Paper No. 196-1
Presentation Time: 2:00 PM-6:00 PM
SEABIRD TRANSFER OF MARINE MICROPLASTIC FIBERS TO TERRESTRIAL SOILS VIA THE ACCUMULATION OF GUANO AT PALMYRA ATOLL, NORTHERN LINE ISLANDS, CENTRAL PACIFIC OCEAN
WEGMANN, Karl W.1, WEGMANN, Alex S.2 and JONES, Breonna2, (1)North Carolina State University, Marine, Earth and Atmospheric Sciences, 2800 Faucette DR, Campus Box 8202, Raleigh, NC 27695, (2)The Nature Conservancy in California, 830 S St., Sacramento, CA 95811
Plastic pollution and its physical breakdown affect nearly every marine and freshwater ecosystem. In the Pacific Ocean, plastic debris accumulates at high concentrations in coastal waters near population centers, in gyre-controlled oceanic “garbage patches,” and in lithic and organic sediments of nearly every beach and estuary surveyed to date. Away from the gyre-induced garbage patches, concentrations of microplastic particles (MPs; < 5mm) in surface waters of the open Pacific Ocean are exceedingly low; however, bioaccumulation through the oceanic food chain is occurring. This study investigates the animal transfer and accumulation of MPs from the ocean to terrestrial soils at Palmyra Atoll (“Palmyra”), a U.S. territory in the Northern Line Islands Archipelago (5.88°, -162.08°). We document the ocean-to-terrestrial transfer of microplastic fibers through an analysis of the excrement (guano) collected from beneath roosting and nesting sites inhabited by Palmyra’s resident population of ~25,000 Red-footed Booby,
Sula sula (RFBO). RFBOs are tree-nesting, obligate marine foragers that prey exclusively on flying fish and squid on daily flights, averaging 60 km from the atoll. To our knowledge, this is the first study to document the transfer of marine microplastic particles to the soils of tropical atoll ecosystems following a two-vector (minimum) transport process involving marine prey and predatory birds.

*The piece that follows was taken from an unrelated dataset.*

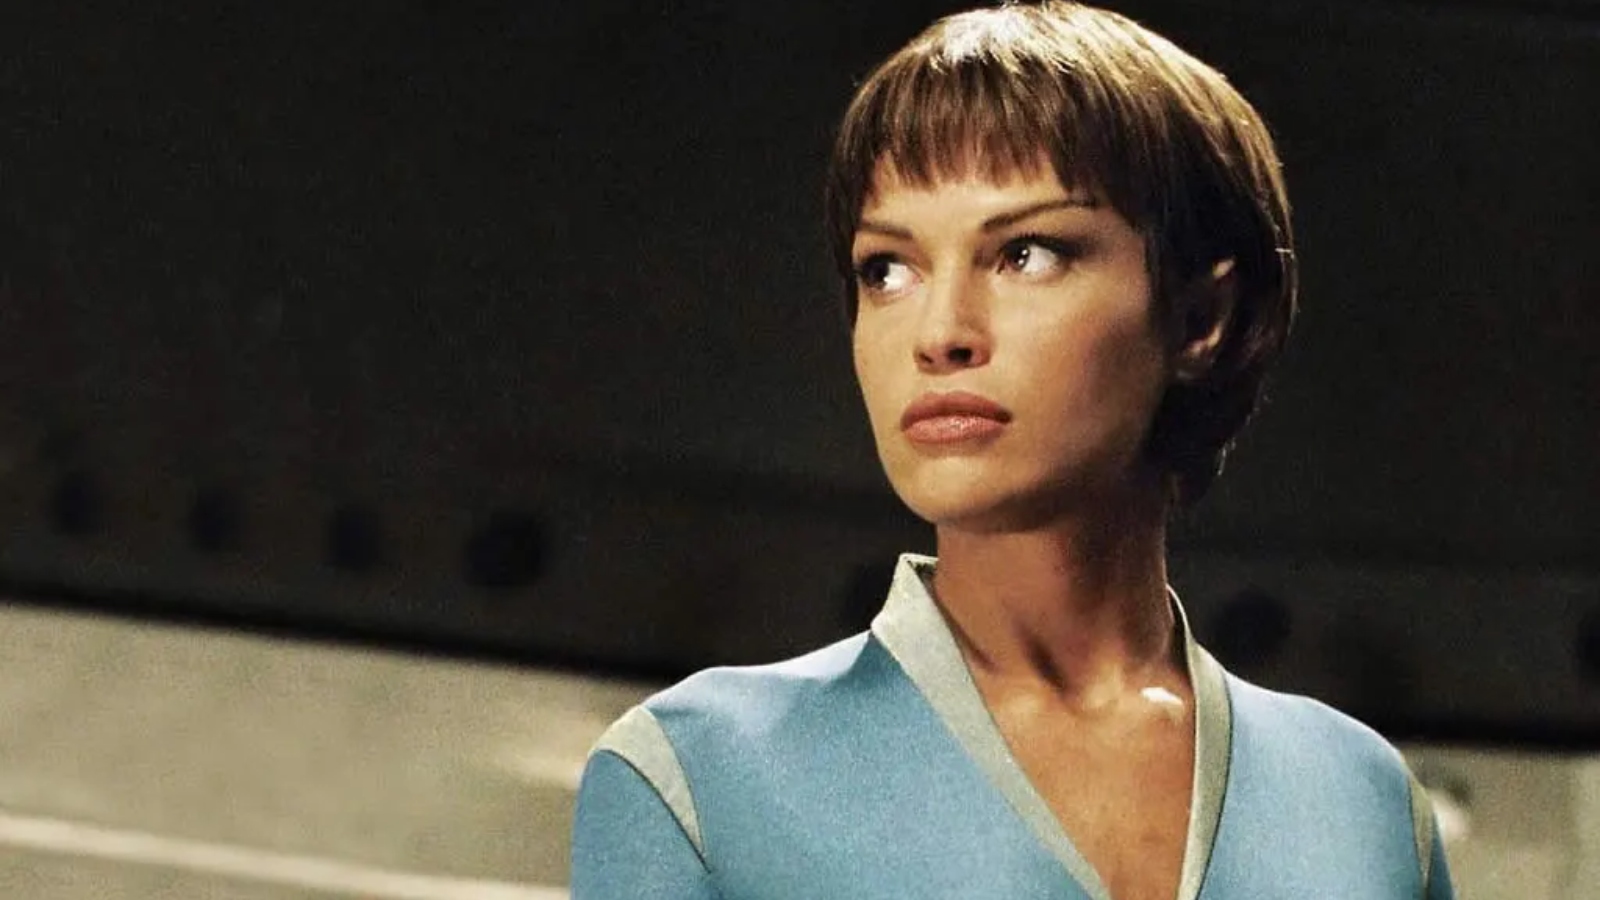 <p><i><span>Star Trek: Enterprise</span></i><span> was a series that was set a century before Captain Kirk took the helm of the Enterprise. Jolene Blalock played T’Pol, the Enterprise’s Science Officer. Enterprise co-creator said of the T’Pol character when casting, “We wanted a sexy Vulcan, a Kim Cattrall-type, and we definitely got that” with Blalock.</span></p>

RFBO guano was collected from stems and leaves below six nesting sites across the atoll. Guano samples were dried, weighed (0.72 kg total), and prepared via wet oxidation. Microplastic fibers were detected via stereo microscope and analyzed for chemical composition via Raman spectroscopy. Guano from all six sampling locations contained microplastics, averaging 0.2 (0.04 – 0.61) MP fibers/g of dry guano. Polyethylene terephthalate (PET) was the dominant observed plastic. RFBOs add ~140 dry tons of guano to Palmyra’s soils annually, and this quantity of excrement likely contains 26-30 x 106 microplastic fibers. Our results indicate that even exceedingly remote terrestrial oceanic ecosystems are not immune from the sedimentary accumulation of long-lived synthetic fibers, despite being located thousands of kilometers from hotspots of plastic waste injection and accumulation.